DATA PROVIDED –
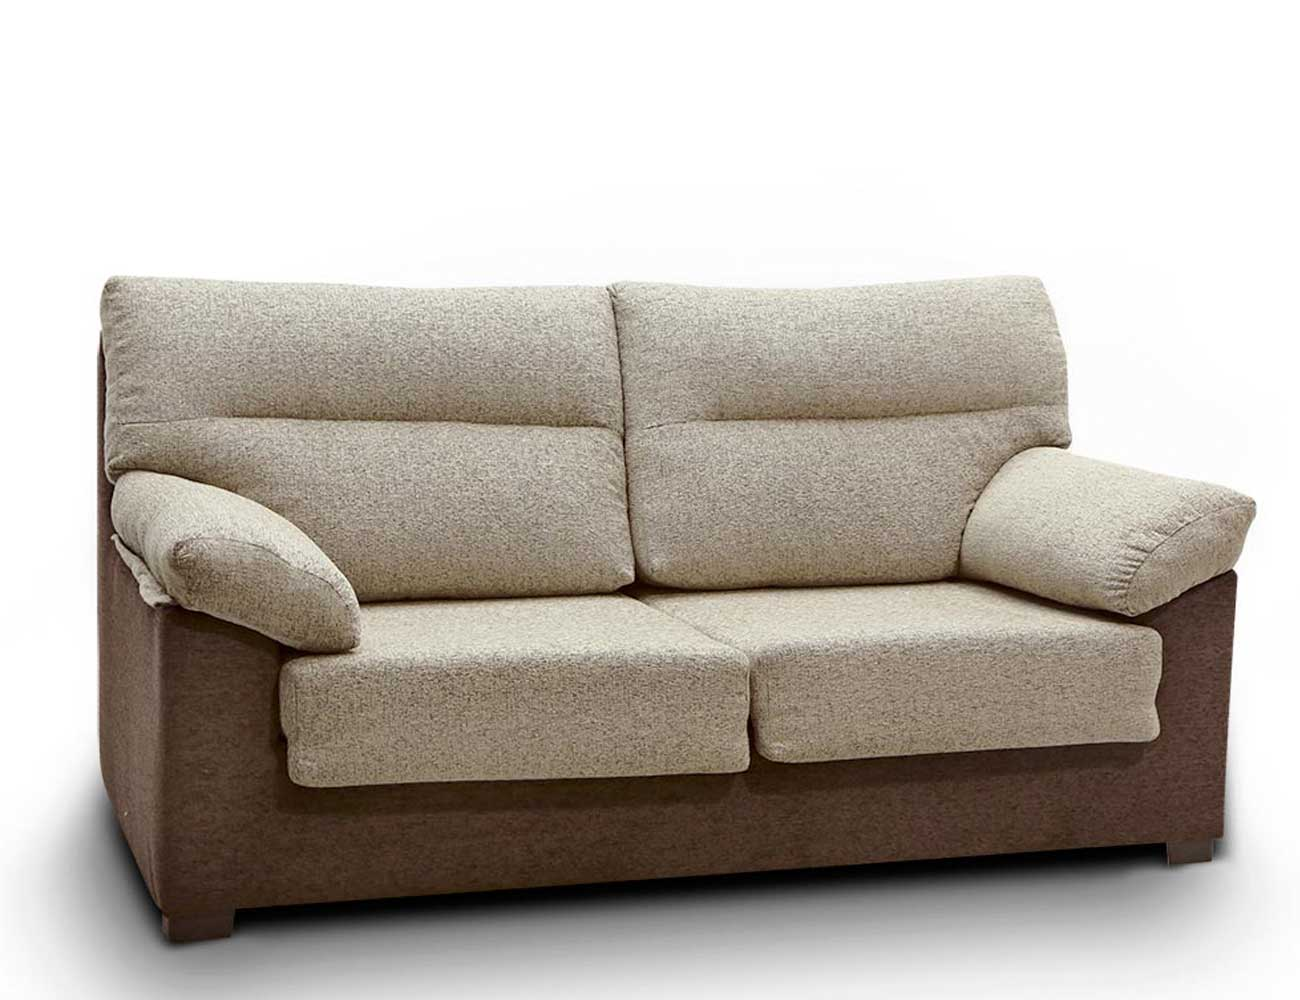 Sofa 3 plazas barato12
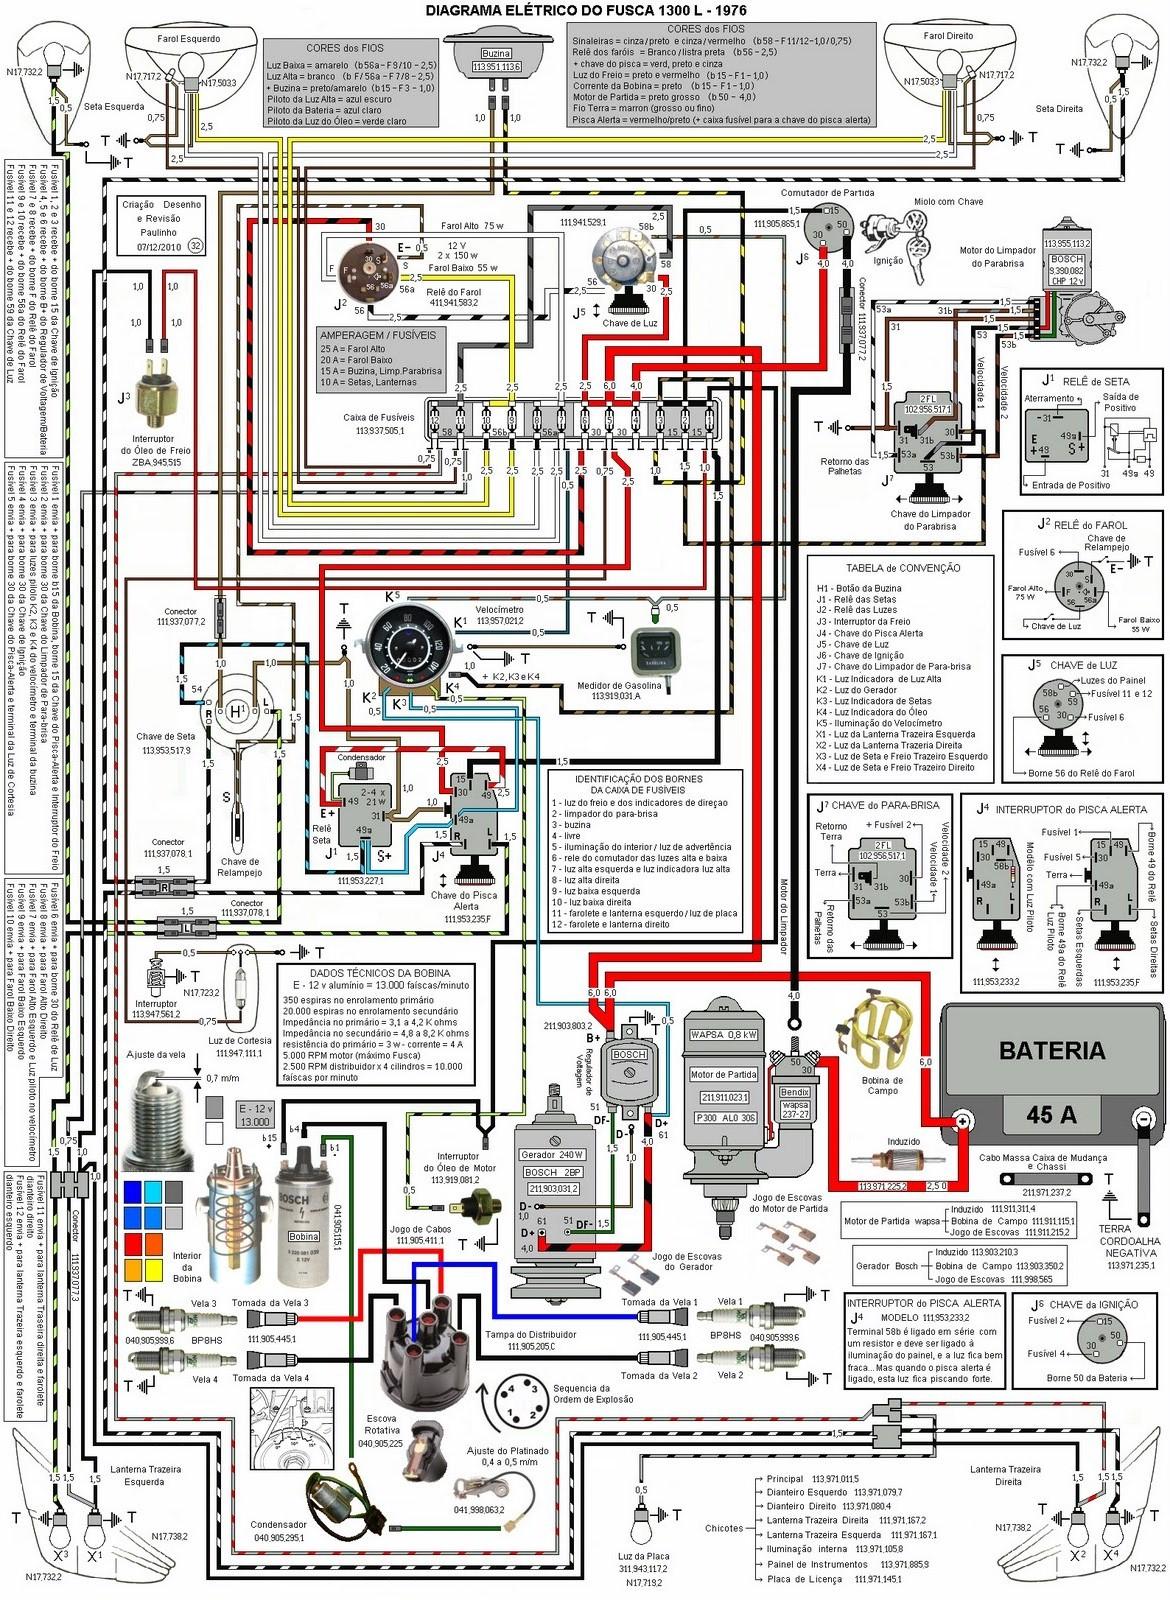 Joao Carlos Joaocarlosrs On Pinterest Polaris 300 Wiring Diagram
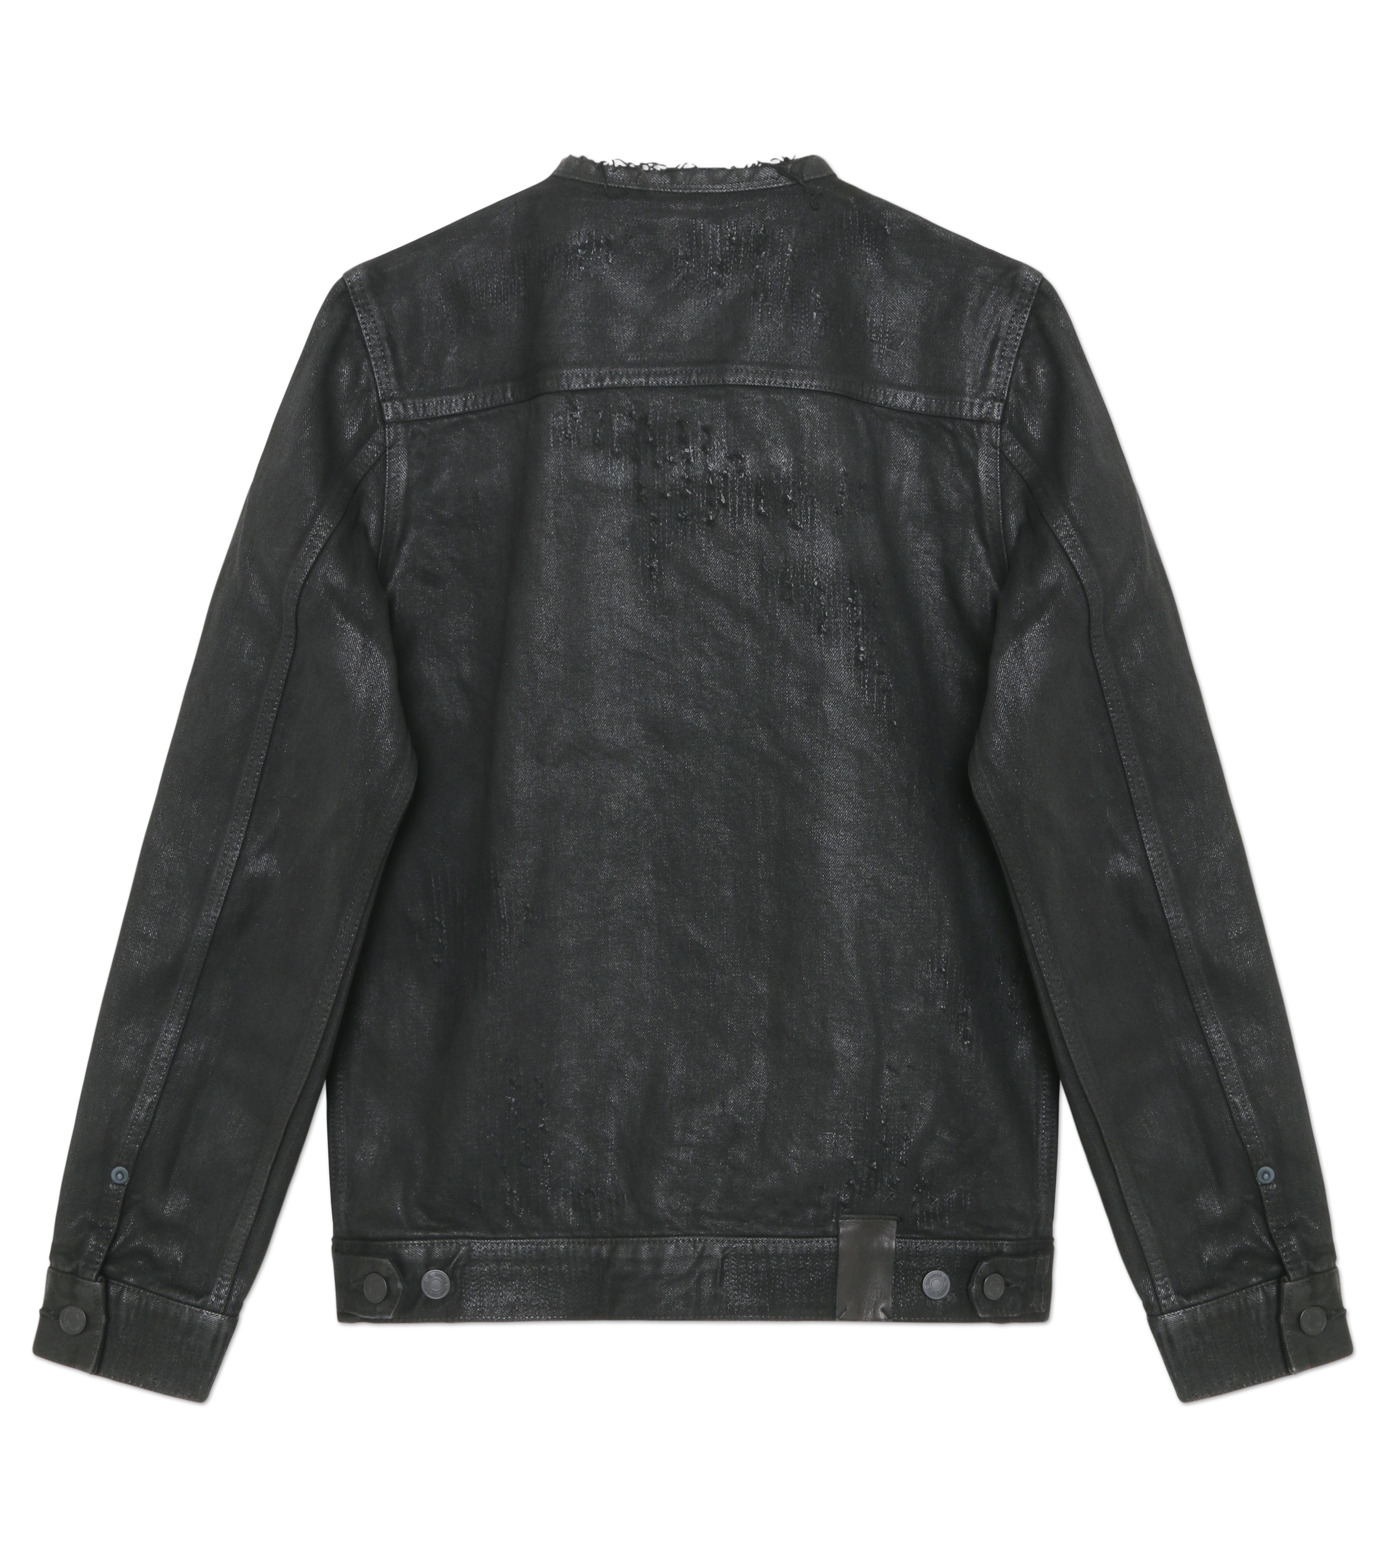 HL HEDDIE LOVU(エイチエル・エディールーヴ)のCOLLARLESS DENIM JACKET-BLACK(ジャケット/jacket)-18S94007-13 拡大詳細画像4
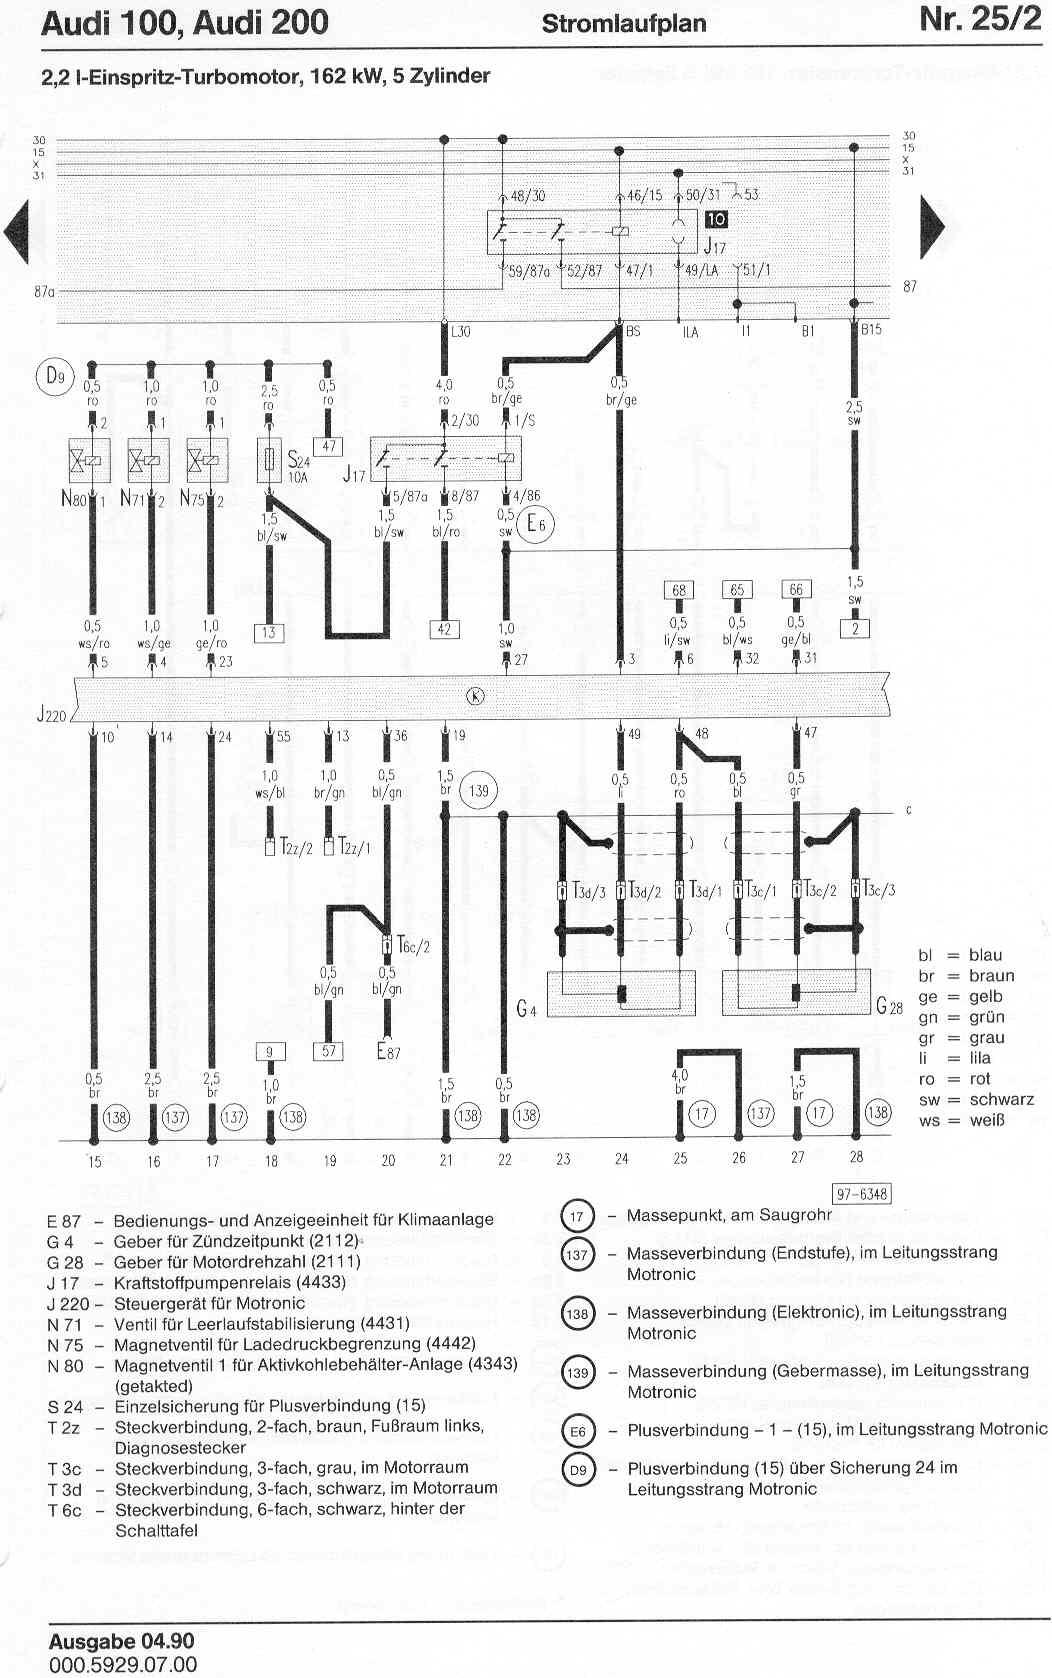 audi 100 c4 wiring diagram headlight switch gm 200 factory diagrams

WHAT TO WORK ON –
Transcribe exactly, and without any pictures, each line from the one that holds "Joao Carlos Joaocarlosrs" through the final line of the material above.

RESPONSE TO THE TASK –
 Joao Carlos Joaocarlosrs On Pinterest Polaris 300 Wiring Diagram
 HL HEDDIE LOVU(エイチエル・エディールーヴ)のCOLLARLESS DENIM JACKET-BLACK(ジャケット/jacket)-18S94007-13 拡大詳細画像4
 audi 100 c4 wiring diagram headlight switch gm 200 factory diagrams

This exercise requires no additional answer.